All these are also your competition, and I didn’t even include your wife, husband, kids, pets, job, civic organizations, and chores. So now you see very clearly that there are some compelling reasons why you need to make your videos stand out. Most people have the attention spans of flies, and it’s not entirely their own fault. It’s just the way the situation has become as folks adapt to the bombardment of all this input. This attention span challenge is especially acute for younger people, the so called digital natives who have grown up with the Internet and hang out in numbers on YouTube. And remember, even once someone is on YouTube and watching that video of yours, millions of other videos are merely a click away.
People grab a lot of attention and views through a series of steps they take. Once you have a lot of views, many things can happen. YouTube partnership is just one of them. YouTube partners earn revenue from the ads YouTube places on the page showing its videos. You can also create a magic website or even a “microsite” where your viewers can land to take an action such as hiring you for a show or purchasing your magic.
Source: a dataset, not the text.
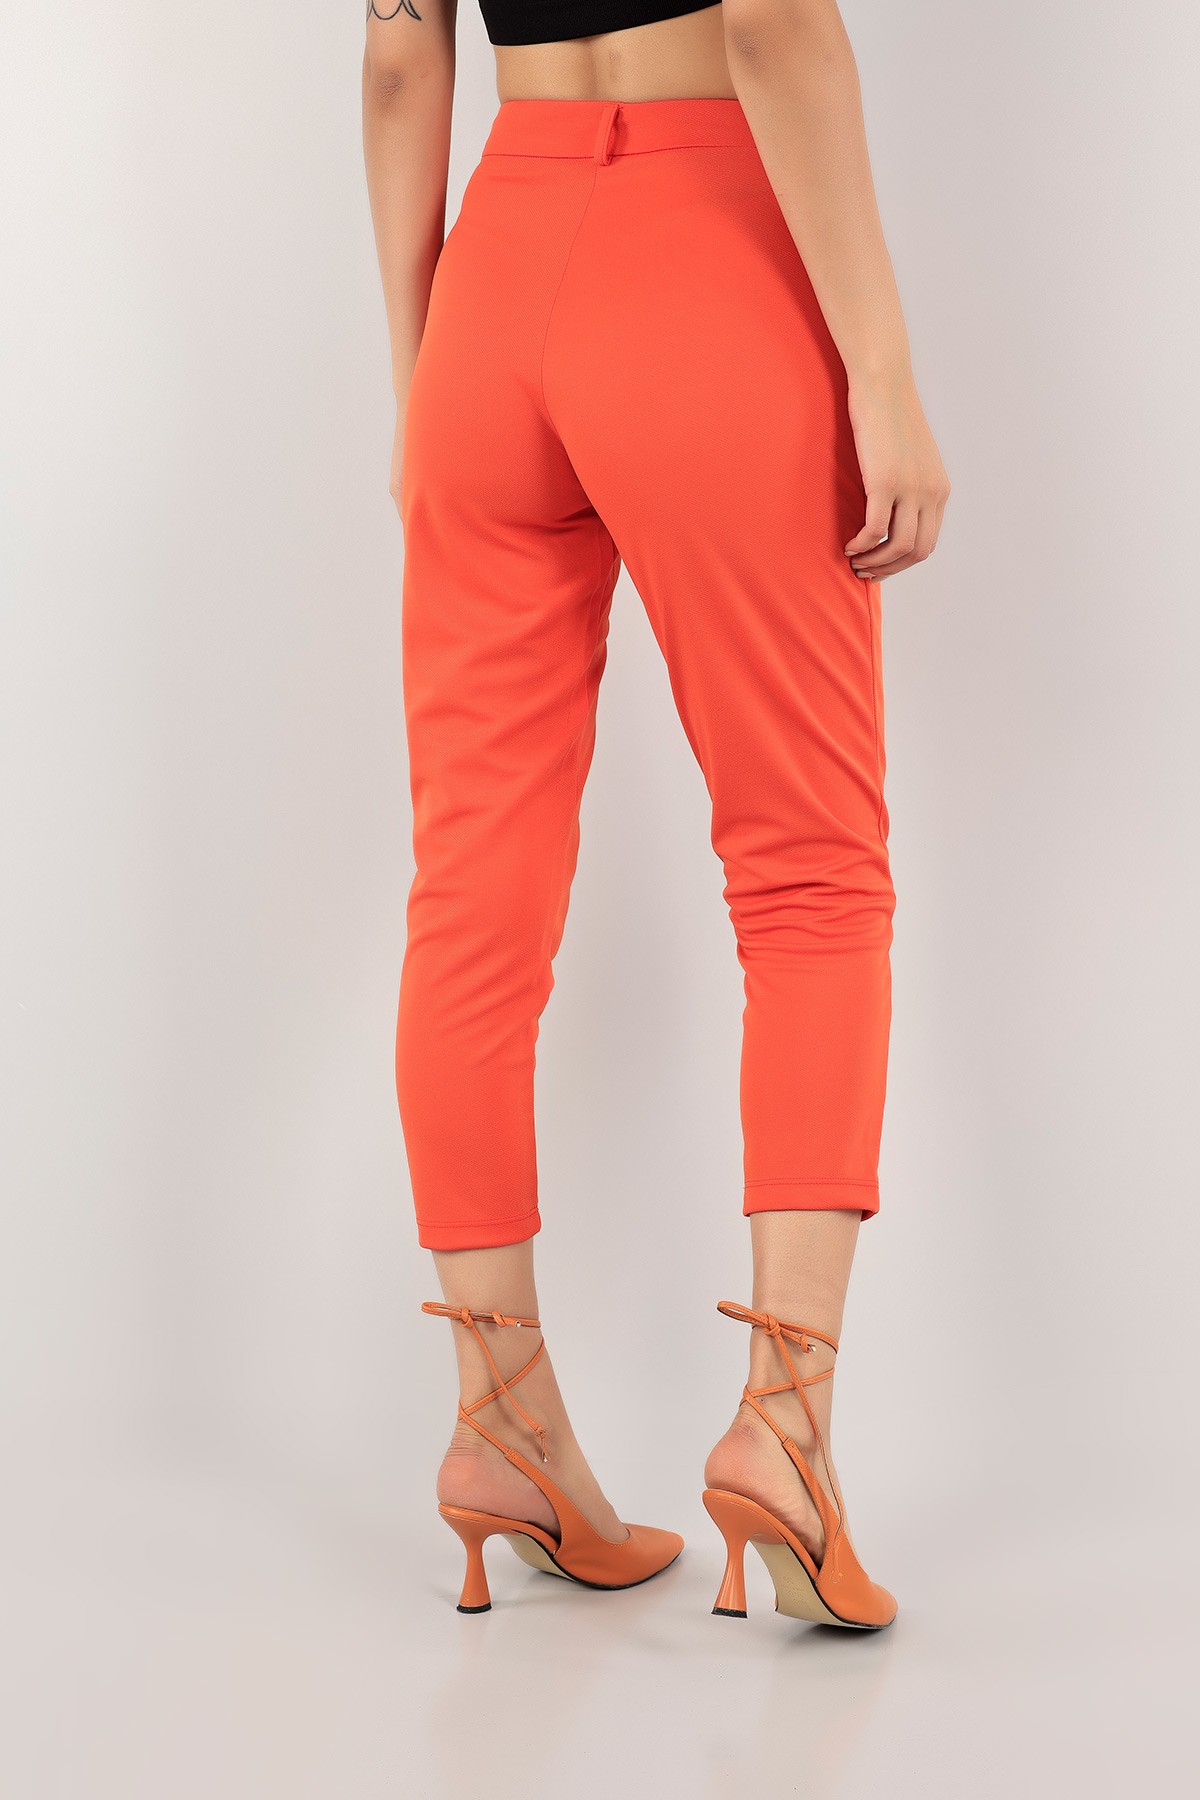 Formal orange pants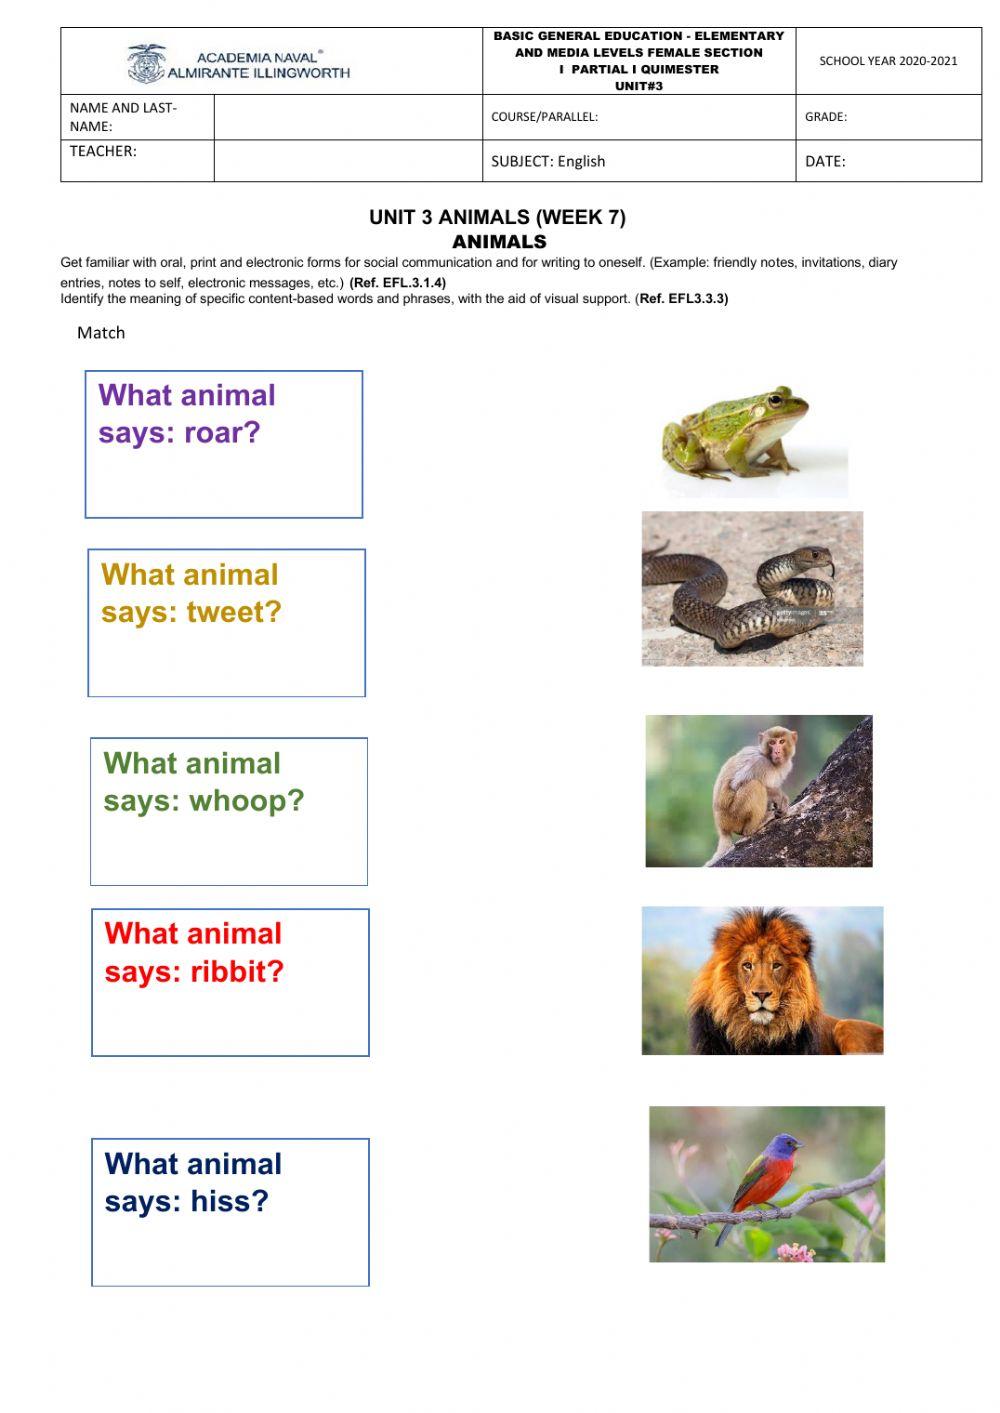 What animal says...?

That’s called a “landing page.” So, as you begin your planning, the first thing to ask yourself is, “What do I want my viewers to do when they’re finished watching my magic video?” The answer to this question varies greatly depending on each video producer’s goal.
The reasons for going onto YouTube are varied, and your own reason may not have even made this list. But you have to know what you hope to achieve with your magic videos before you start to produce them. Even if that goal changes dramatically as you post videos and gain experience, at least decide the motivation behind your first video before you get started. Is it to show your magic, sell your services or get constructive criticism.
There are many reasons to post your magic on YouTube. At the very least it’s a wonderful tool that makes sharing the magic almost instantaneous. Don’t be swayed by all the beginners who are also doing this. Magic is fun. We’re not talking about accounting. The life cycle of a beginner in magic is, on average, 6 months. After half a year, most people with a casual interest move on to their next new hobby. If they continue past 6 months, there is a second drop off point after 2 years. Every day, hundreds of people discover magic, and hundreds forget about it. It’s a constant renewing cycle, and on the whole is a good thing. Out of this ‘churn’ rises a handful of magicians that continue to develop and become excellent. I hope you’ll join them. It’s just like panning for gold. The more full pans of sand, the more nuggets of gold get found. The sand will simply drop back into the river. So when you see kids or amateur magicians performing magic on YouTube, smile to yourself. It shows that magic is alive and has a future!